I nativi digitali crescono con grande familiarità con la tecnologia
I nativi digitali crescono con grande familiarità con la tecnologia
Letizia Gabaglio

Gianmaria Pitton

La tecnologia è un pericolo per la mente? Fa diminuire l’attenzione, specie nei bambini e nei ragazzi, e disabitua all’uso della memoria? Secondo Letizia Gabaglio, giornalista scientifica, fondatrice del sito Medicinadigitale.it, è un pregiudizio. L’efficacia della tecnologia digitale è ormai dimostrata in numerosi campi che riguardano la mente e il cervello. La sua utilità, tuttavia, non significa accettazione acritica: «Qualsiasi tecnologia in sé non è buona né cattiva, dipende dall’uso che se ne fa» commenta Gabaglio, che interverrà questa sera, alle 20.45 nella sede della Fondazione Zoé in corso Palladio, per la rassegna “Vivere sani, Vivere bene”.

La tecnologia può essere amica del cervello?

È piuttosto diffusa l’idea che la tecnologia possa essere un pericolo per la mente. Internet è accusato di frammentare la capacità di attenzione, di non abituare più a imparare le cose a memoria. Alcune esperienze, tuttavia, vanno contro questa narrazione mainstream. Gli strumenti tecnologici digitali si rivelano molto efficaci nella riabilitazione da patologie neurologiche.

Può fare un esempio?

Strumenti come Kinect o la Wii, nati per il gioco, possono aiutare le persone affette da sclerosi multipla a muoversi meglio, con programmi appositi. I videogiochi sono utilizzati per i bambini con deficit dell’attenzione, l’Adhd, per allenare proprio la loro attenzione a focalizzarsi su uno scopo. La realtà virtuale può offrire soluzioni ai malati di Parkinson per superare i blocchi del freezing. Nessuna di queste cose è la situazione definitiva, ma aiutano.

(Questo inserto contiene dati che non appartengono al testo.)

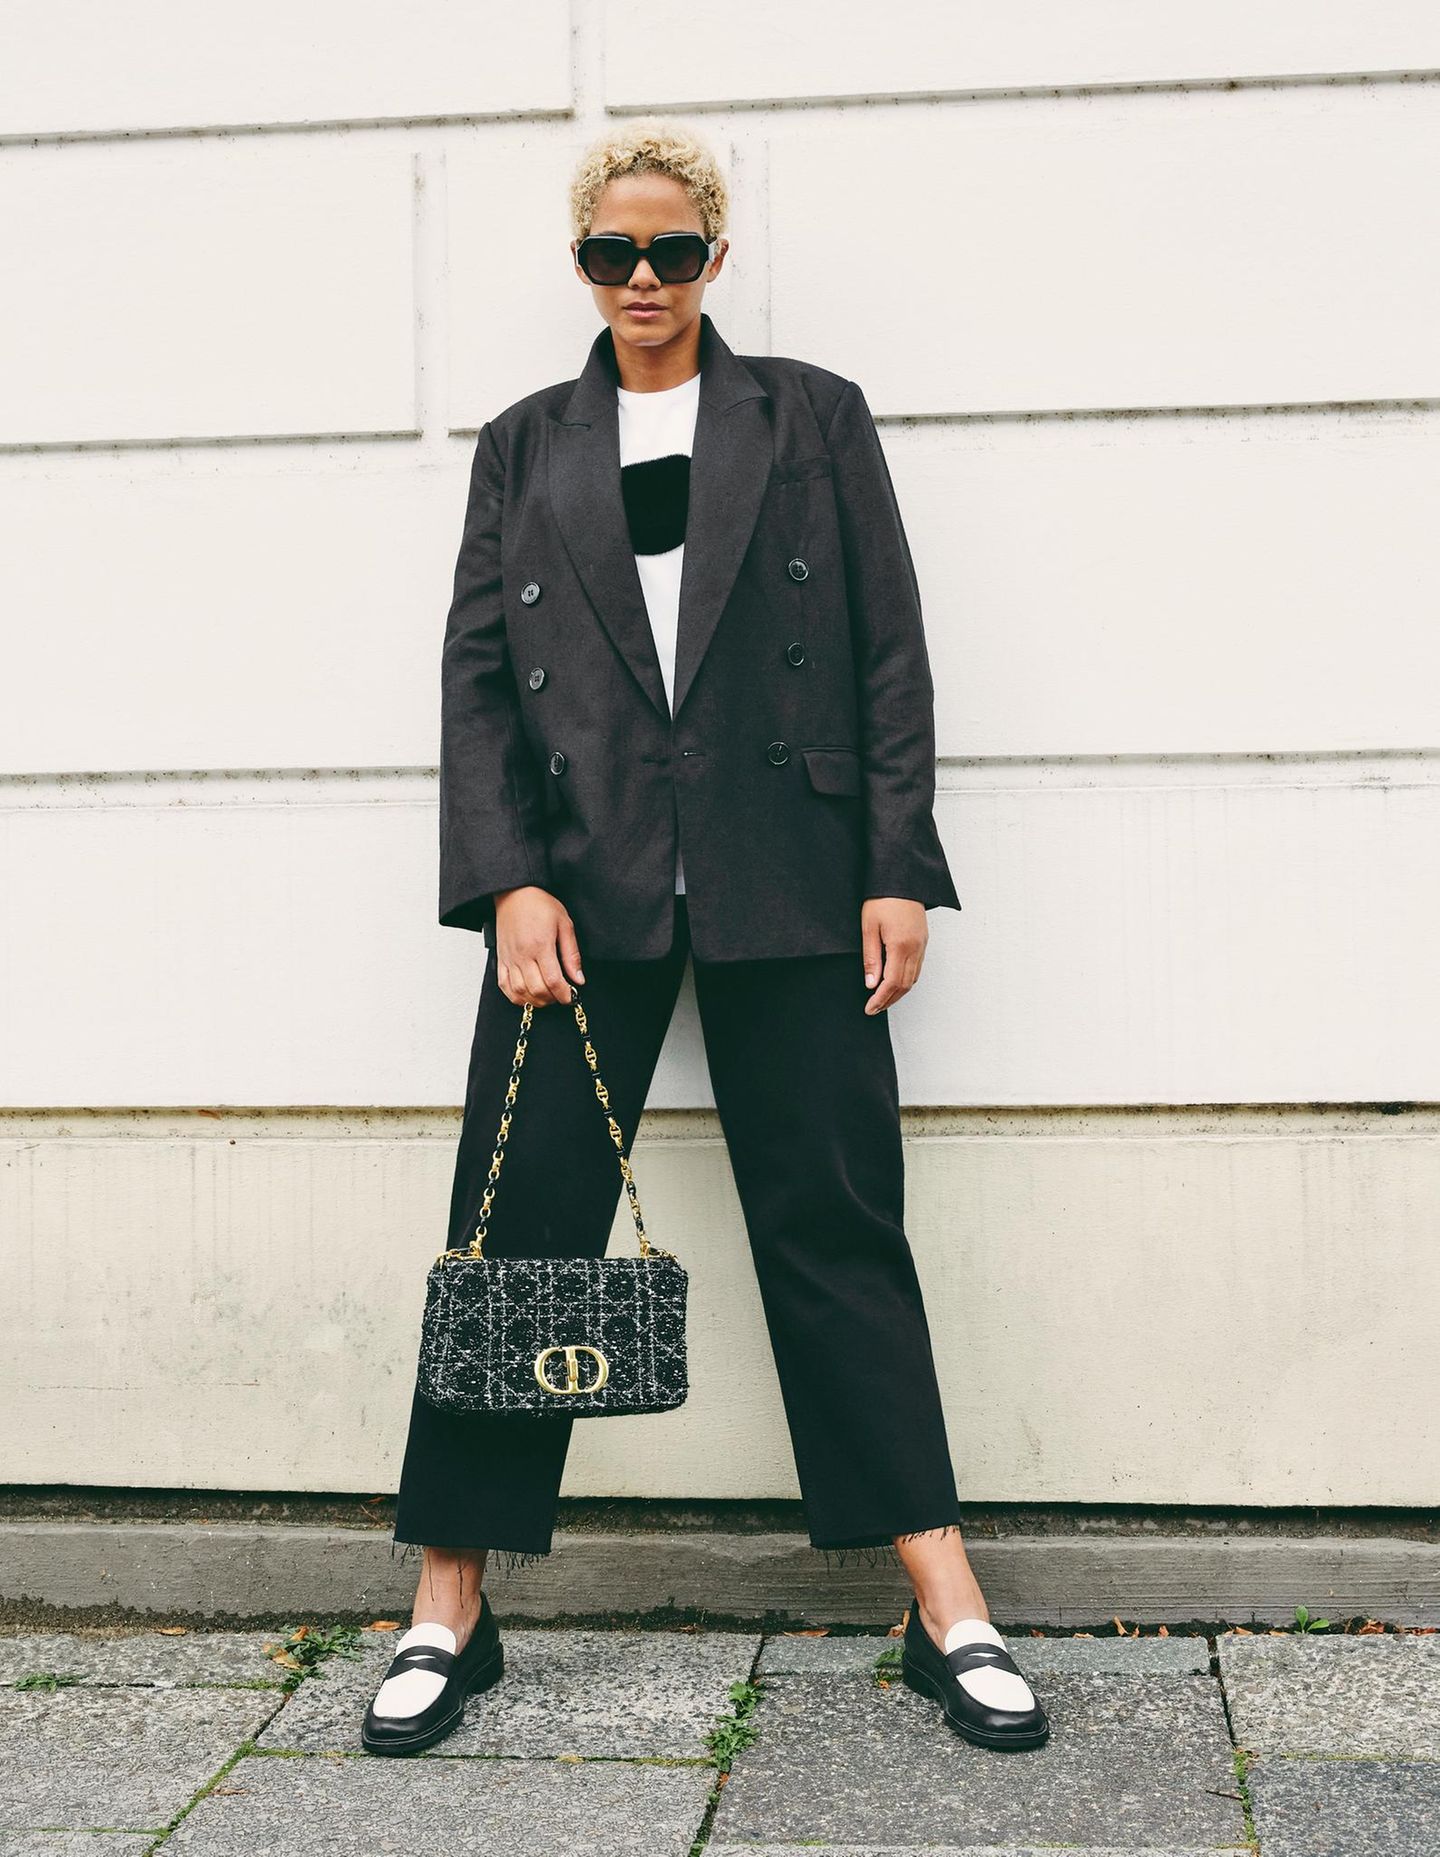 Für einen klassischen Business Casual Look ist der doppelreihige Blazer von &Other Stories mit der fransigen Jeans von Lovjoi perfekt geeignet. Um einen farblichen Kontrast zu setzen kombiniert das Model einen weißes T-Shirt mit schwarzem Plüsch-Punkt und stylische Loafer. Die Prada-Sonnenbrille sowie die Handtasche von Christian Dior machen den eleganten Look komplett. 

Ci sono vantaggi anche per chi non è affetto da patologie?

Sì. È vero che le ricerche sui nativi digitali evidenziano che possono essere meno bravi a imparare a memoria, però sviluppano altri tipi di competenze, che migliorano la plasticità cerebrale. Ci dobbiamo abituare a un altro tipo di intelligenza. Il digitale sta rivoluzionando tutto, è una realtà. Bisogna cercare di interpretare al meglio gli strumenti che abbiamo, non per subirli, ma per agire in prima persona.

Cosa pensa dell’introduzione del digitale a scuola?

Il vero problema è che gli insegnanti spesso non hanno competenze specifiche, si limitano a un uso un po’ passivo, come fruitori di informazioni. Internet non è un semplice archivio di dati, ma ha come sua caratteristica peculiare la bidirezionalità: intendo dire, per fare un esempio, che le voci di Wikipedia si possono anche scrivere, non solo consultare. Un processo che richiede la valutazione e l’utilizzo delle fonti. La tecnologia è pervasiva, non possiamo chiudere gli occhi.

In ambito sanitario, qual è l’atteggiamento dei medici verso questo approccio?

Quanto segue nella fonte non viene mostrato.